▶ [THE DATA]:
=== Section Start ===

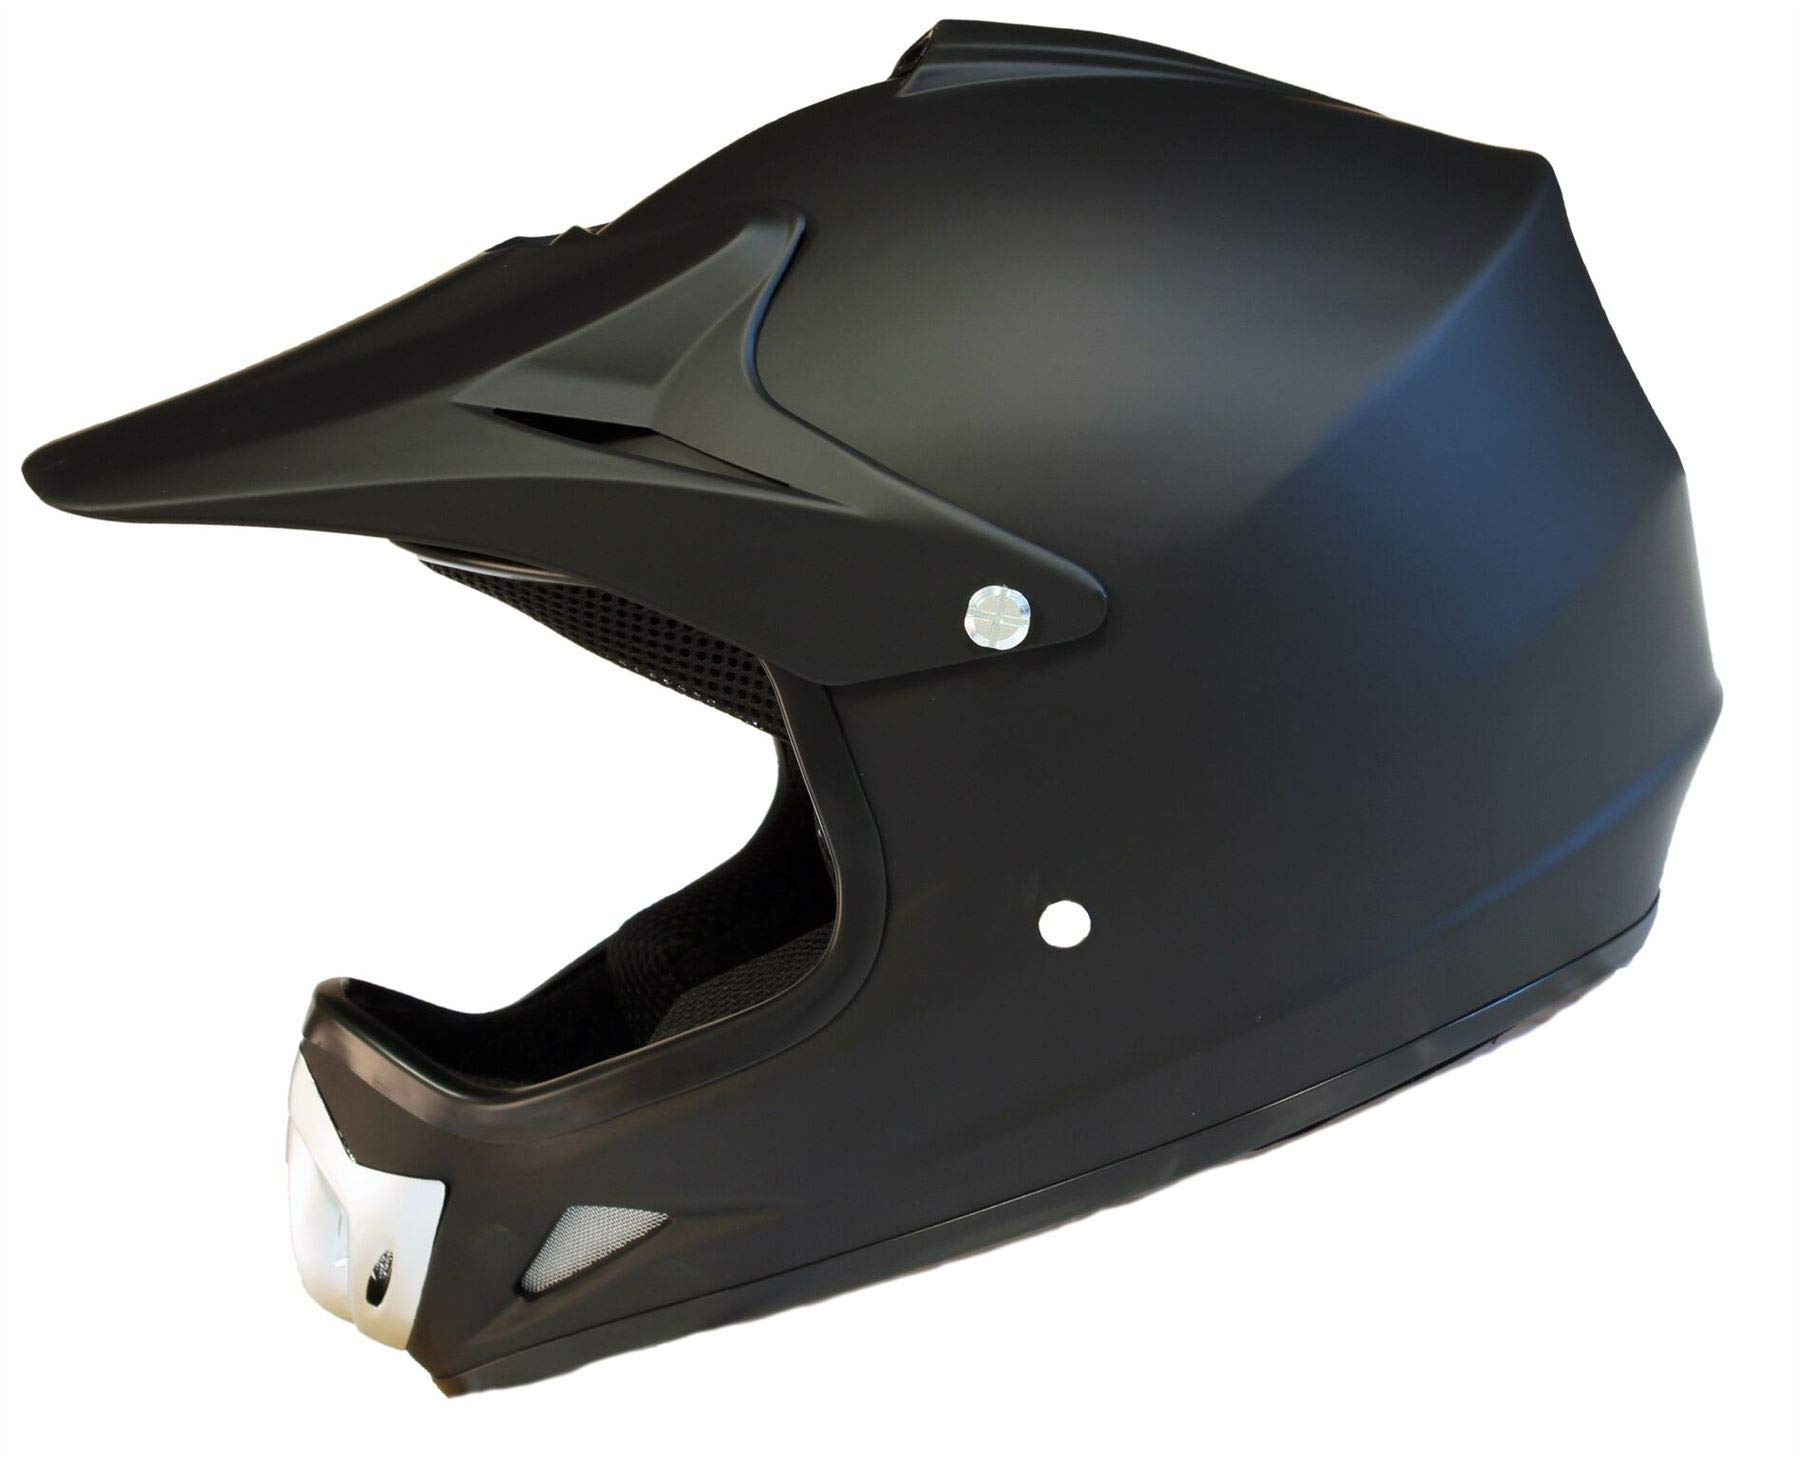 Medium Qtech Childrens KIDS MOTOCROSS MX Style Helmet BMX Quad Bike Quasar Matt Black
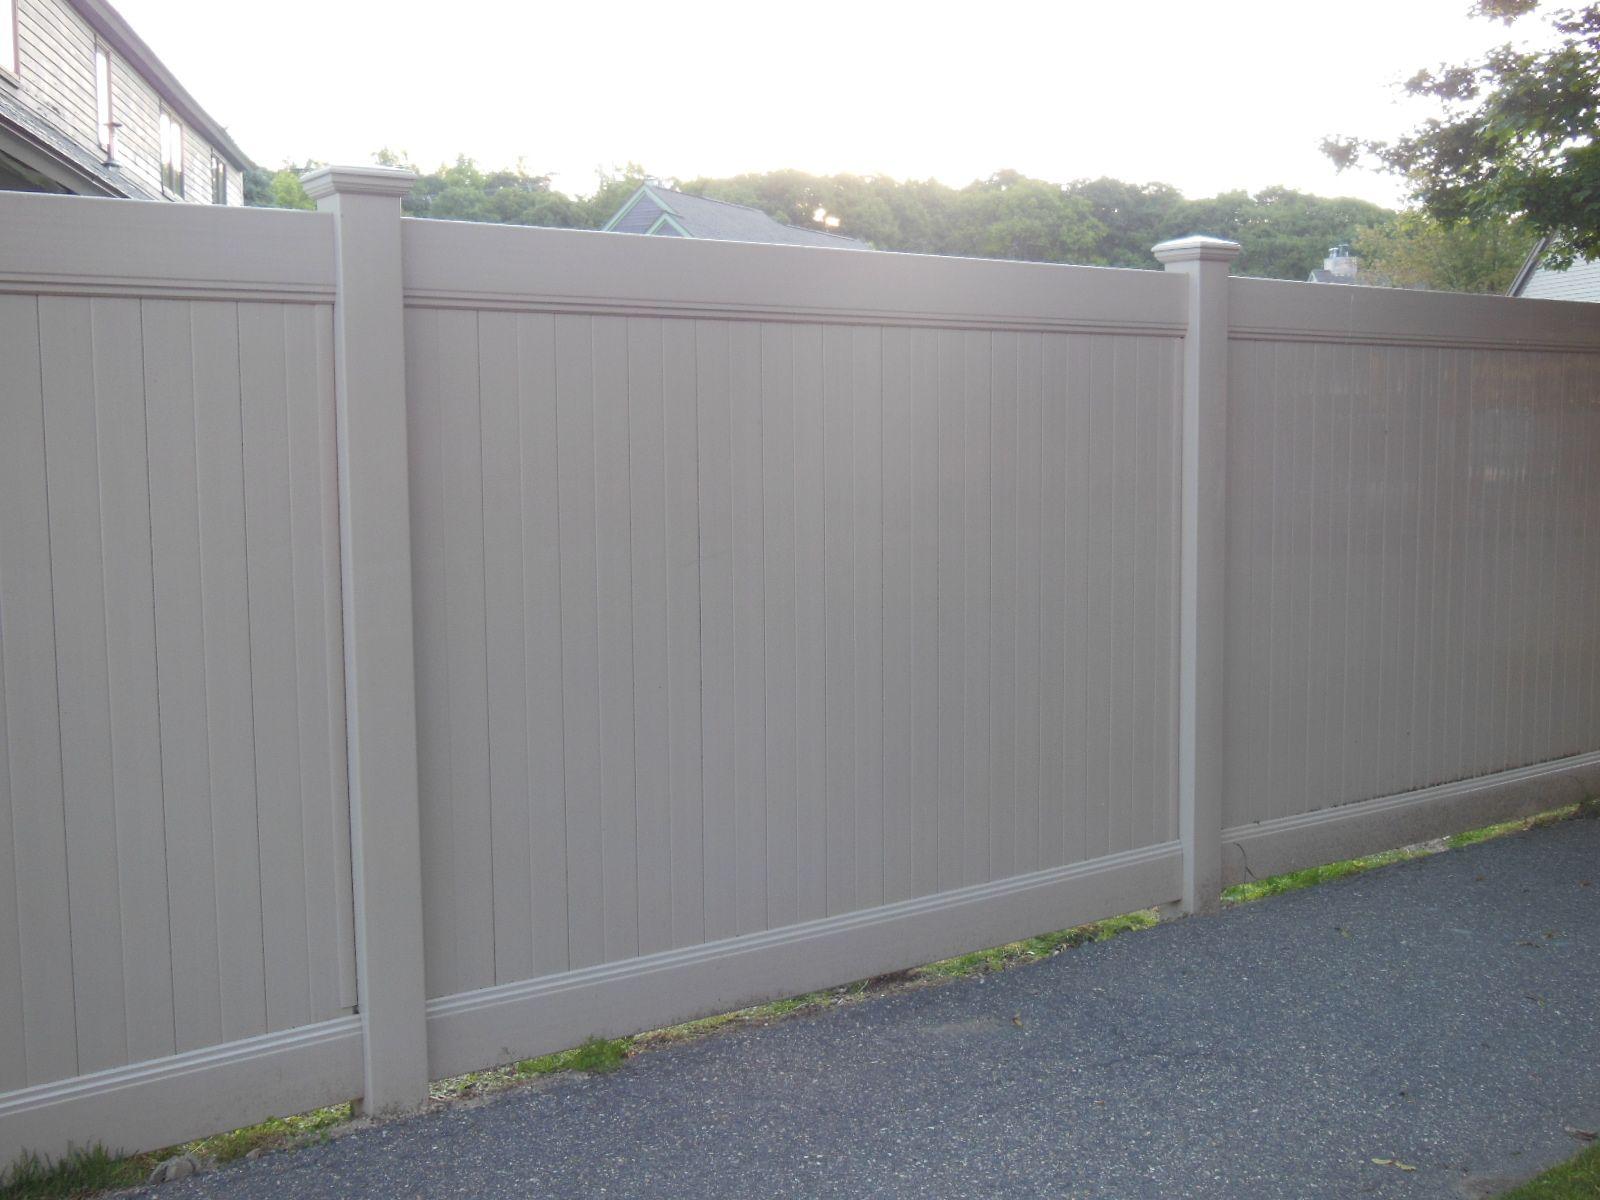 6 High Beige Vinyl Privacy Fence Vinyl Fences In 2019
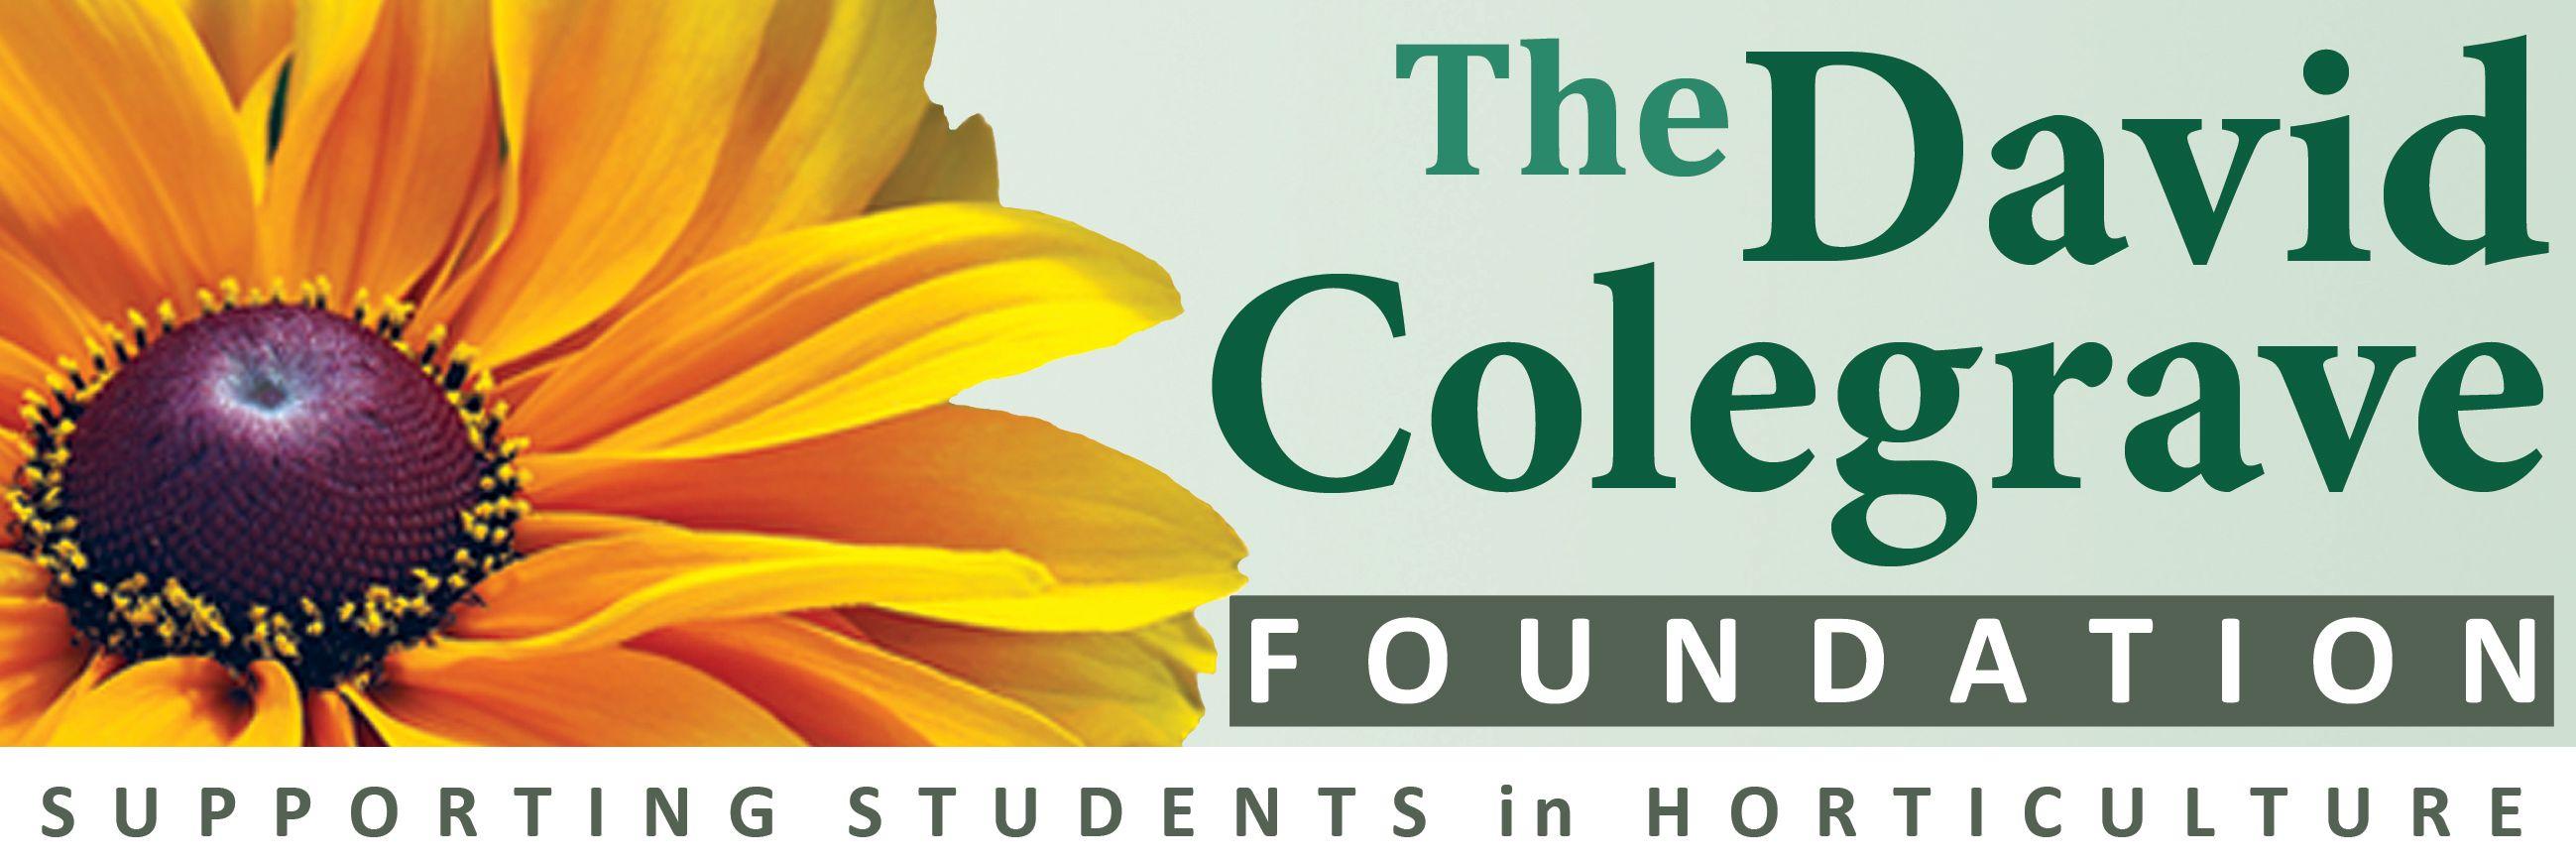 David Colegrave Foundation - NB91

=== Section End ===

▶ [TASK OBJECTIVE]: The answer must be an exact copy of the lines from the one with "6 High Beige" through the final line above, both ends included, and nothing else; pictures stay out.

▶ [YOUR RESPONSE]:
 6 High Beige Vinyl Privacy Fence Vinyl Fences In 2019
 David Colegrave Foundation - NB91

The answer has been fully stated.